Dataset content:
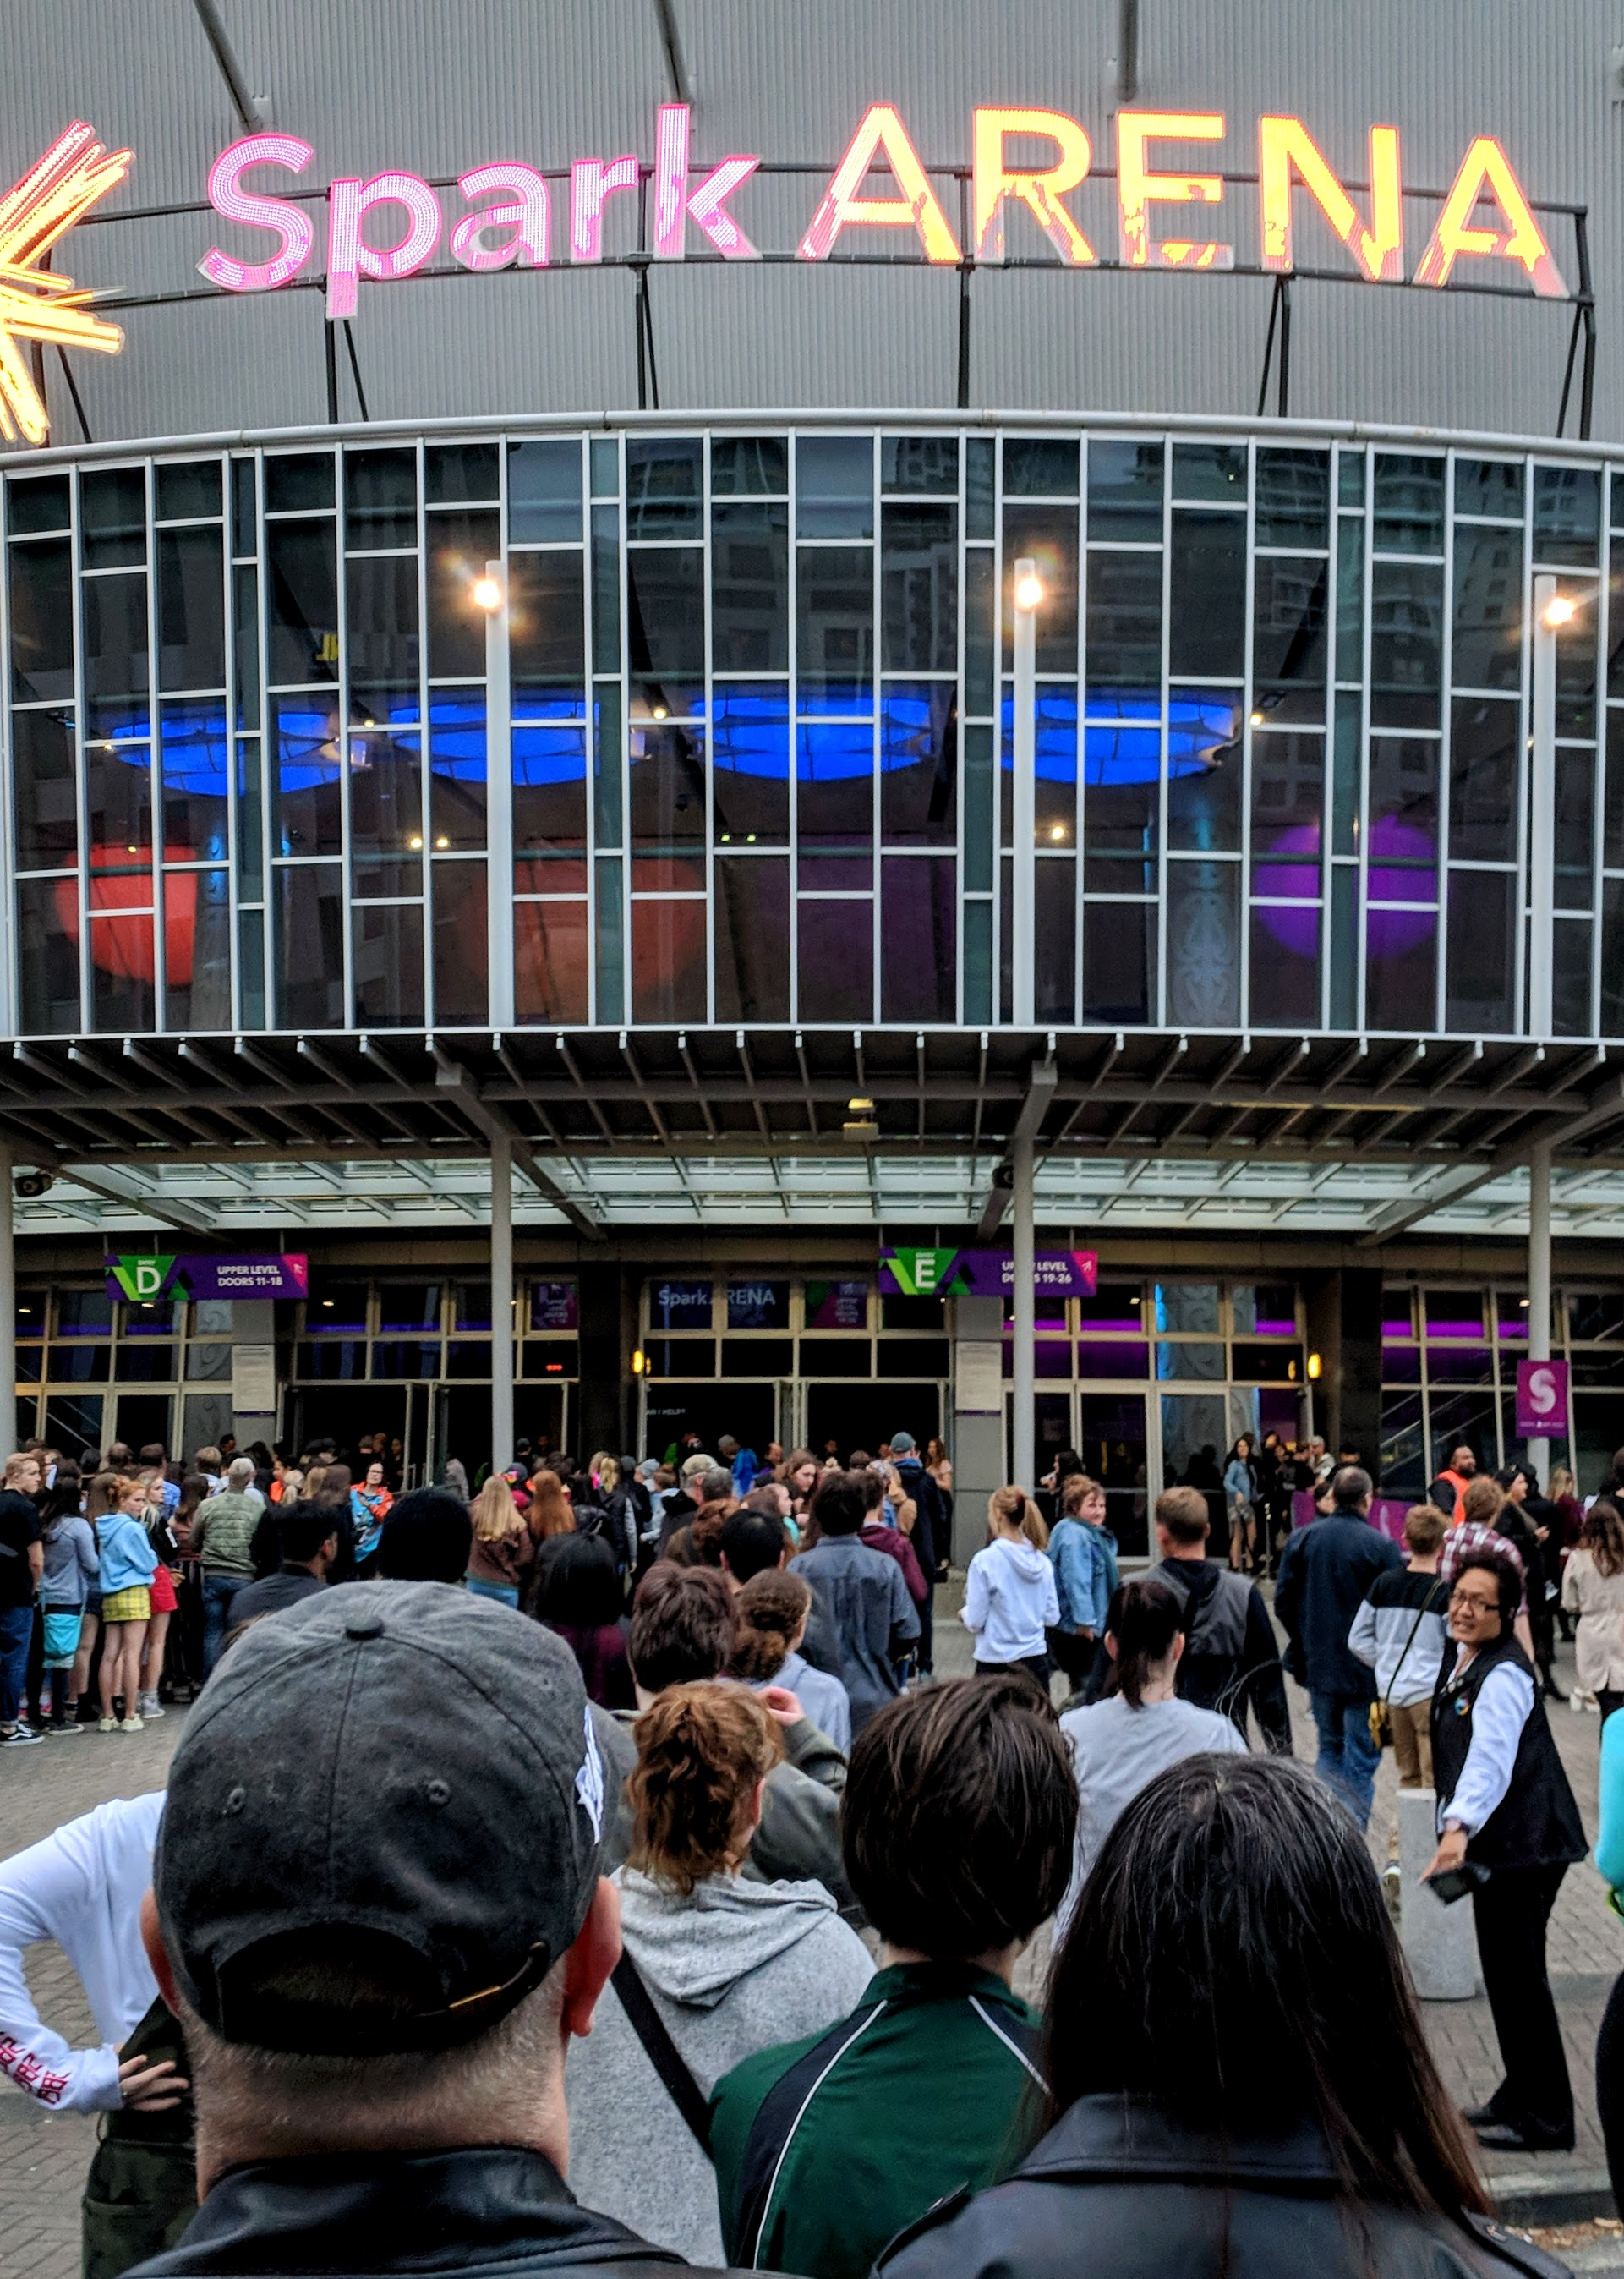 Spark Arena with a queue
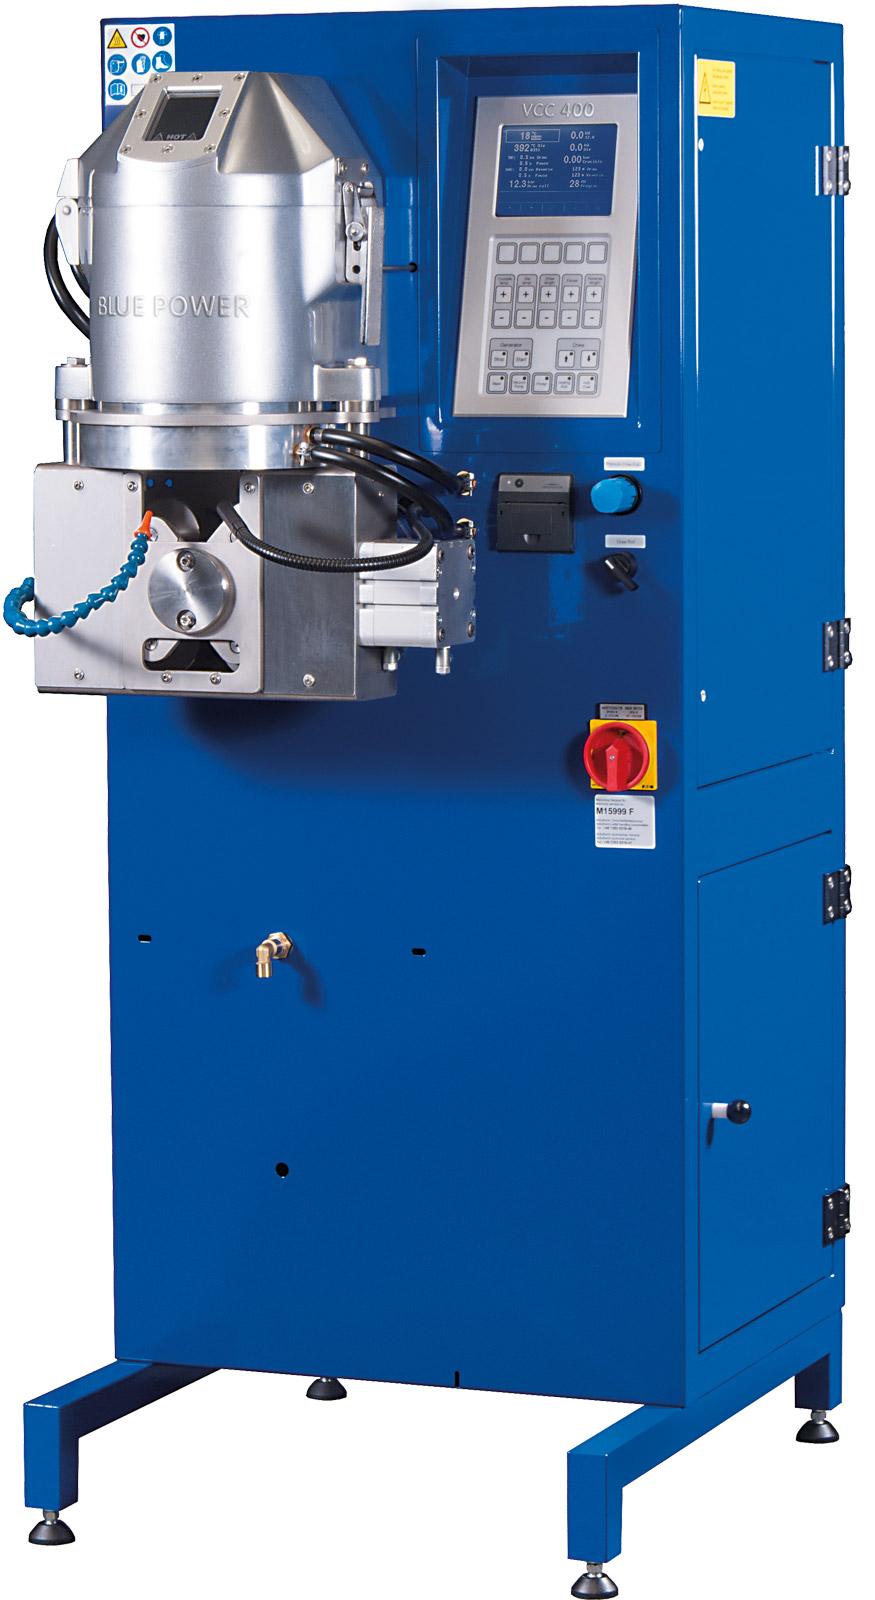 Stranggießanlage CC 400 / VCC 400
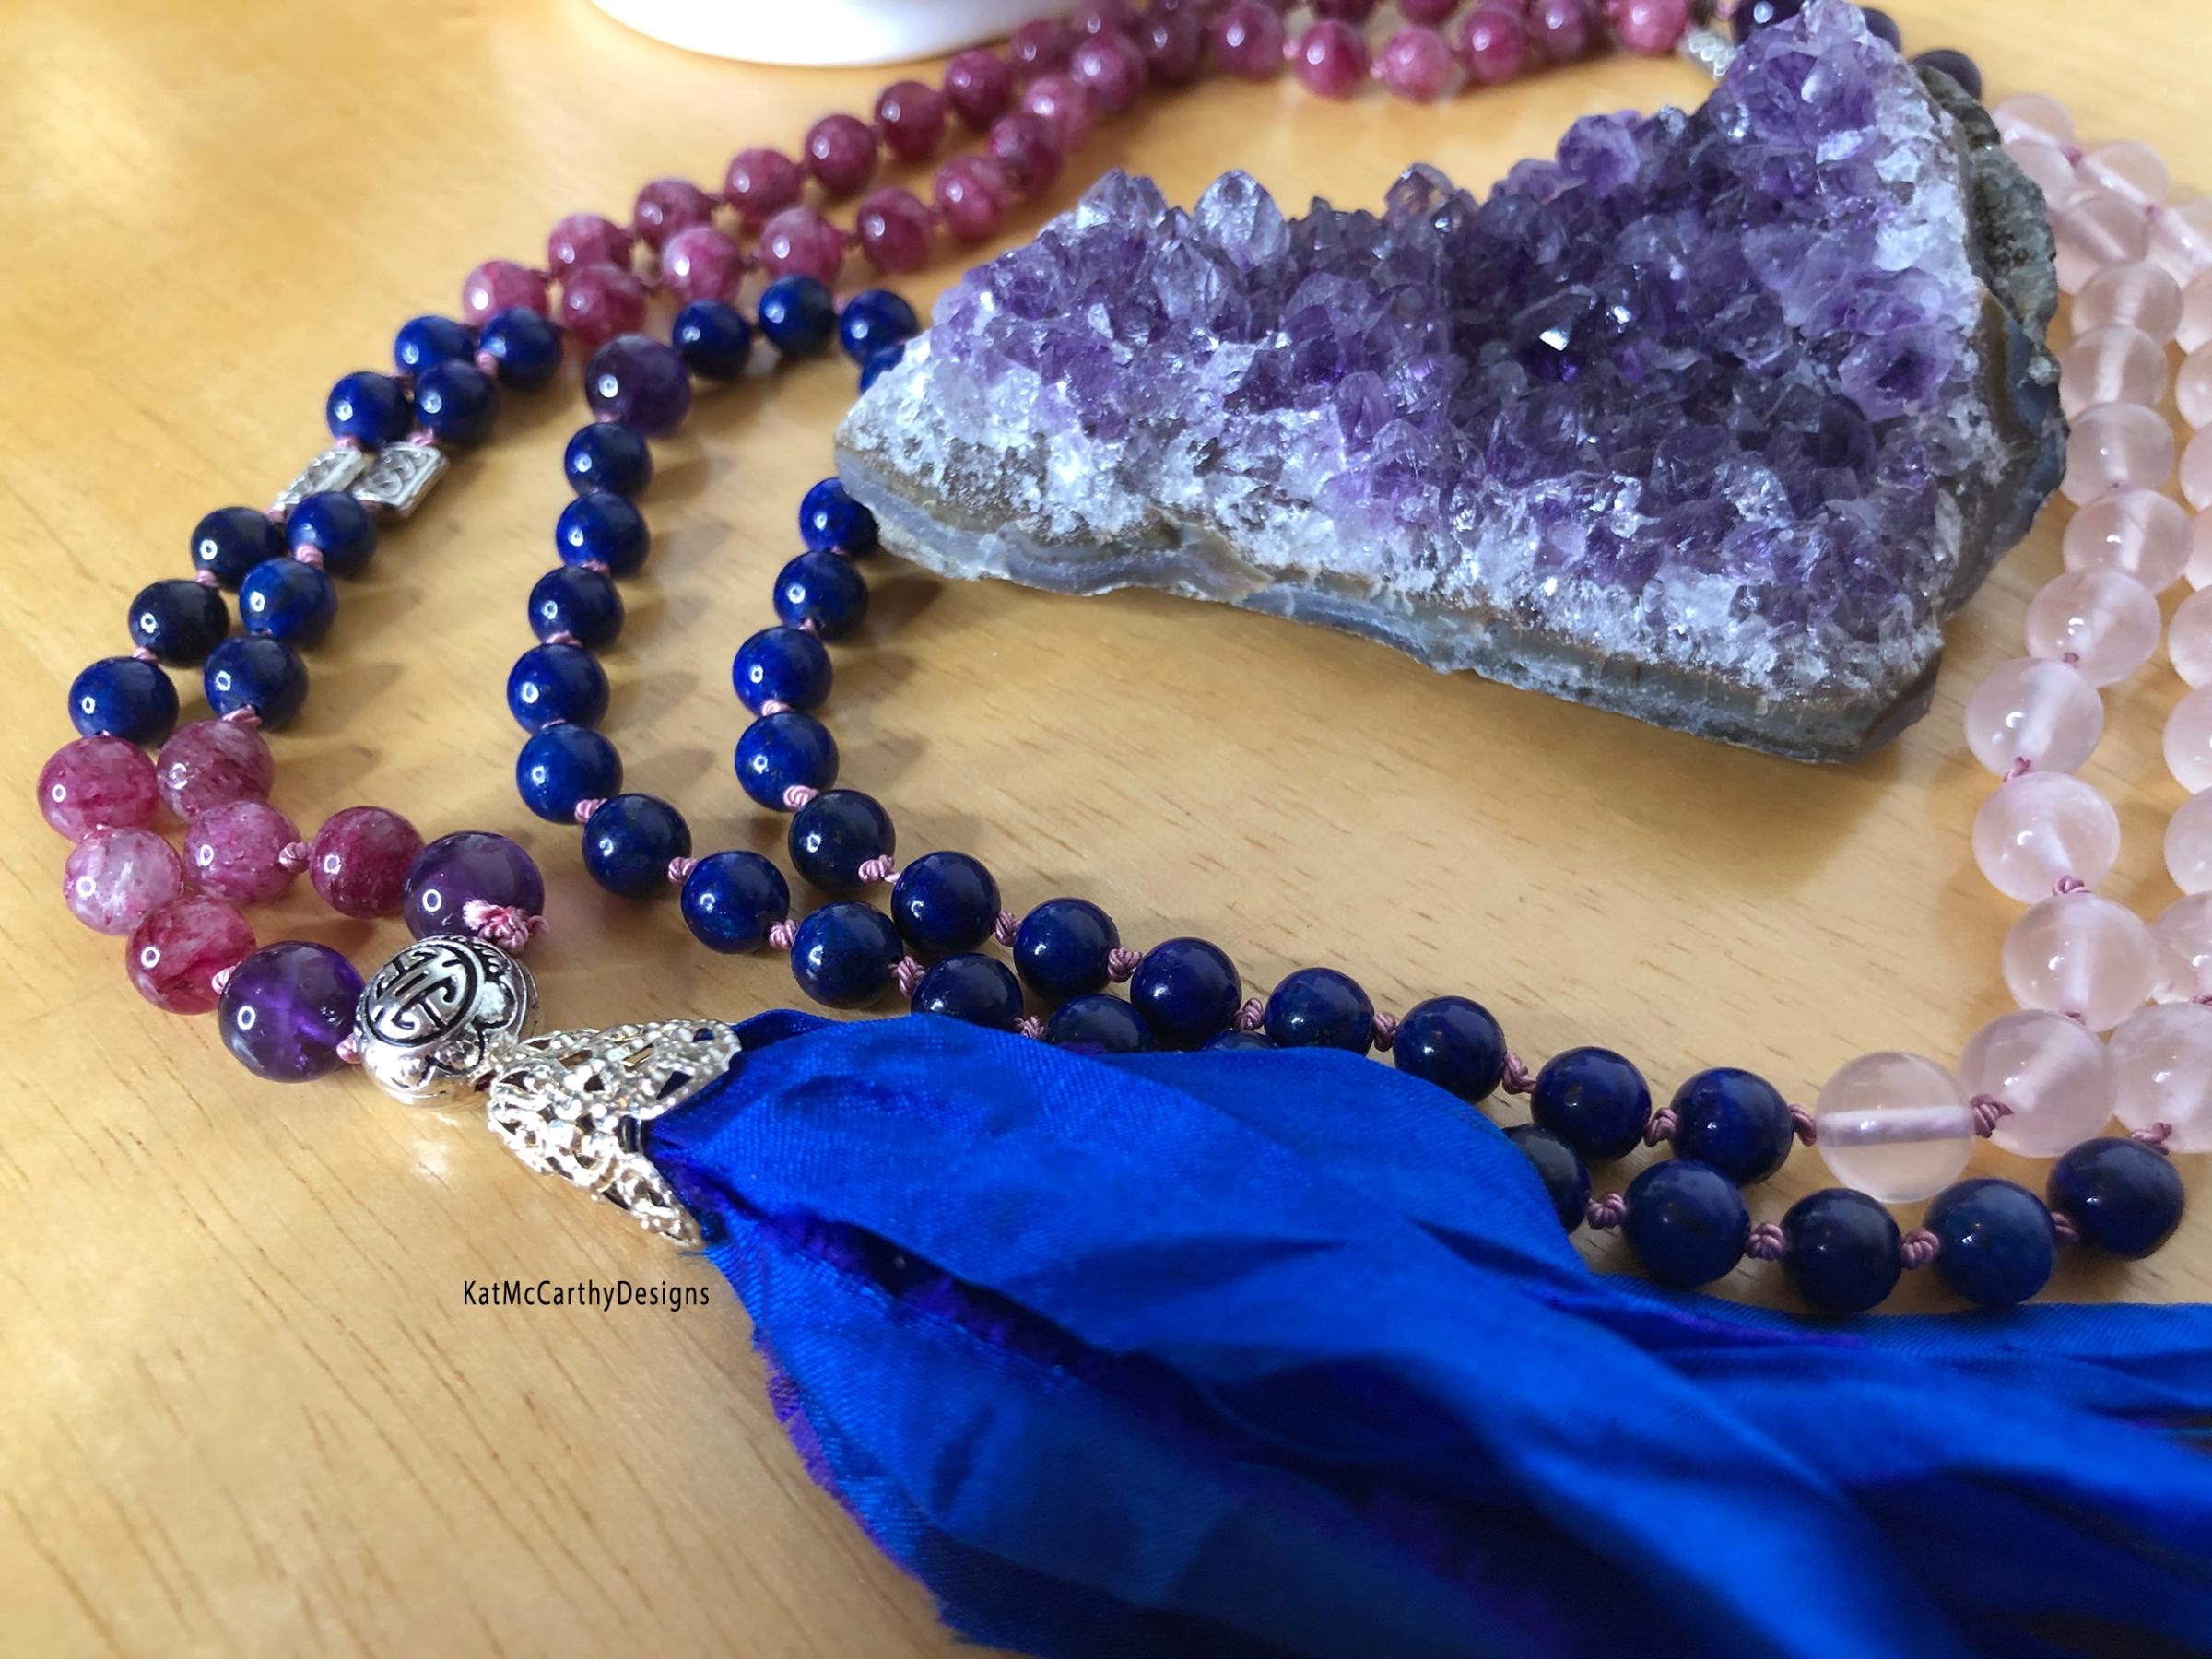 108 tibetan buddhist zen prayer bead gemstone crystal mala on silk cord with silk tassel for meditation or mantras

Work task: An exact transcription is requested of each line from the one that holds "Stranggießanlage CC 400 / VCC 400" to the end of the listing above, both boundary lines included; pictures are to be omitted.

Finished task:
 Stranggießanlage CC 400 / VCC 400
 108 tibetan buddhist zen prayer bead gemstone crystal mala on silk cord with silk tassel for meditation or mantras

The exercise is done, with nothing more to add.